Frodsham Marsh

Map reference: Main access SJ511784
Link to Frodsham Marsh Bird Blog web site
Click link to download a pdf file of the Frodsham Marshes map

Imagine the scene, it’s the first week of September and the skies are blue, with a brisk wind bringing with it the threat of a deepening depression from the south-west. Before you lies acres of closely cropped grassy saltmarsh stretching out 1800 ahead. In the distance the Mersey mudflats are slowly covered by an advancing ten metre tide and in the air the song of a Skylark hangs. Then select the best position to sit to view from the raised embankment of No4 tank. With the sunlight to your back and the breeze to your side, the conditions are near perfect to watch the spectacle unfold on the score ahead.

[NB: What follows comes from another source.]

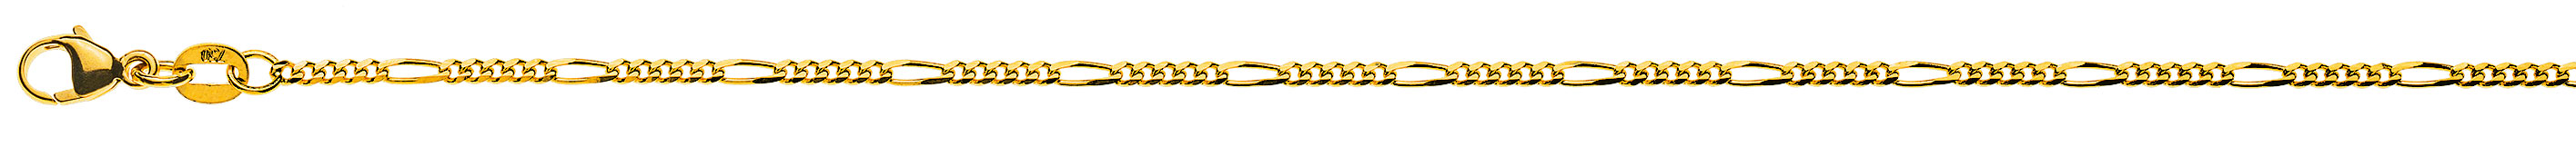 AURONOS Prestige Necklace yellow gold 18K Figaro chain 5+1 links 60cm 1.8mm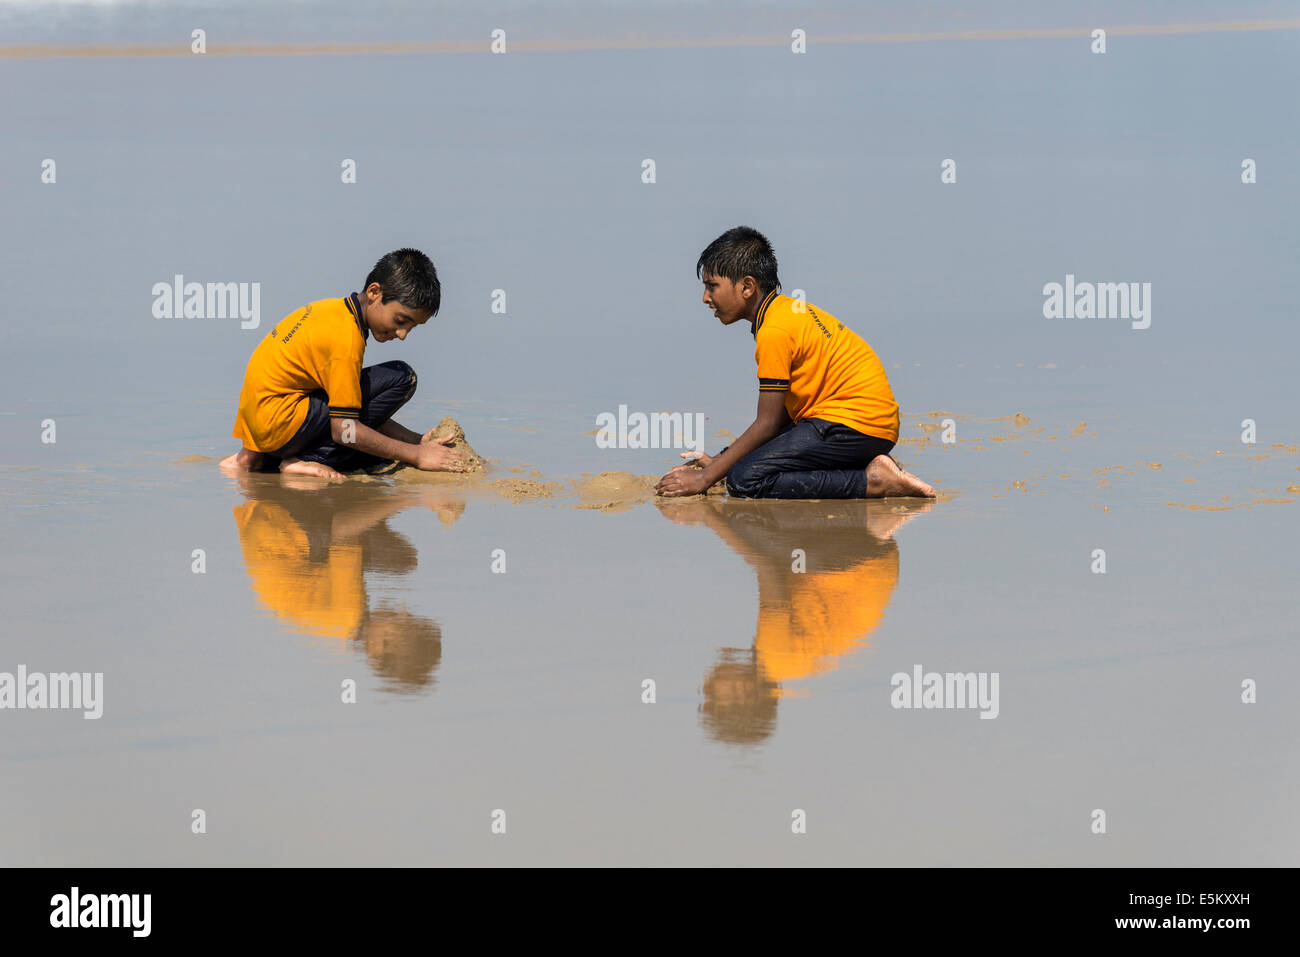 Two schoolboys wearing yellow shirts playing on the beach, reflection, Varkala, Kerala, India Stock Photo

The murky, grey-brown waters of the river move ever closer inshore and in the distance the alternating flashes of a large flock of Dunlin catch your eye, followed by a long line of black and white Oystercatchers and the bubbling cries of Curlew. Suddenly an explosion of roosting Lapwings takes to the wing and, there overhead, a majestic Peregrine falcon folds its wings as it hurtles down towards a flock of panic stricken Teal and becomes lost in a confusion of birds. Inexperienced sheep grazing by the tideline now find themselves cut off by the encroaching surge and bleat cries of concern as they begin to wade to safety. Relentlessly the water moves forward, filling the channels and forking out on to the marsh, forcing the reluctant roosting birds from their slumber to find security in tighter assembled groups, closer to the banks of the Ship Canal and within scoping distance to you.

On a good tide and from a single position one can expect to see over 80 species including 23 species of wader. In recent years Little Egret, Brent Goose, Ruddy Shelduck, Velvet Scoter, Osprey, Glaucous Gull, Common and Black Tern have been found.

Access to the site is situated via Marsh Lane in Frodsham village. Follow the road over the motorway and bear left along the tarmac road (the right fork takes you towards the logbook area). Continue along this road to where it joins a dirt track. Take this lower left-hand track, keeping the raised embankments of No6 and No4 to your right, for about three miles or until you reach a small concrete bridge which crosses a channel (Hoole Pool Gutter). Park just before this bridge, then with the No4 bank still on your right, walk along the grassy track for 1/4 mile to low, iron barrier-gates. From here, walk towards the river, still keeping the raised bank to your right. Select the best position to view from and enjoy the experience!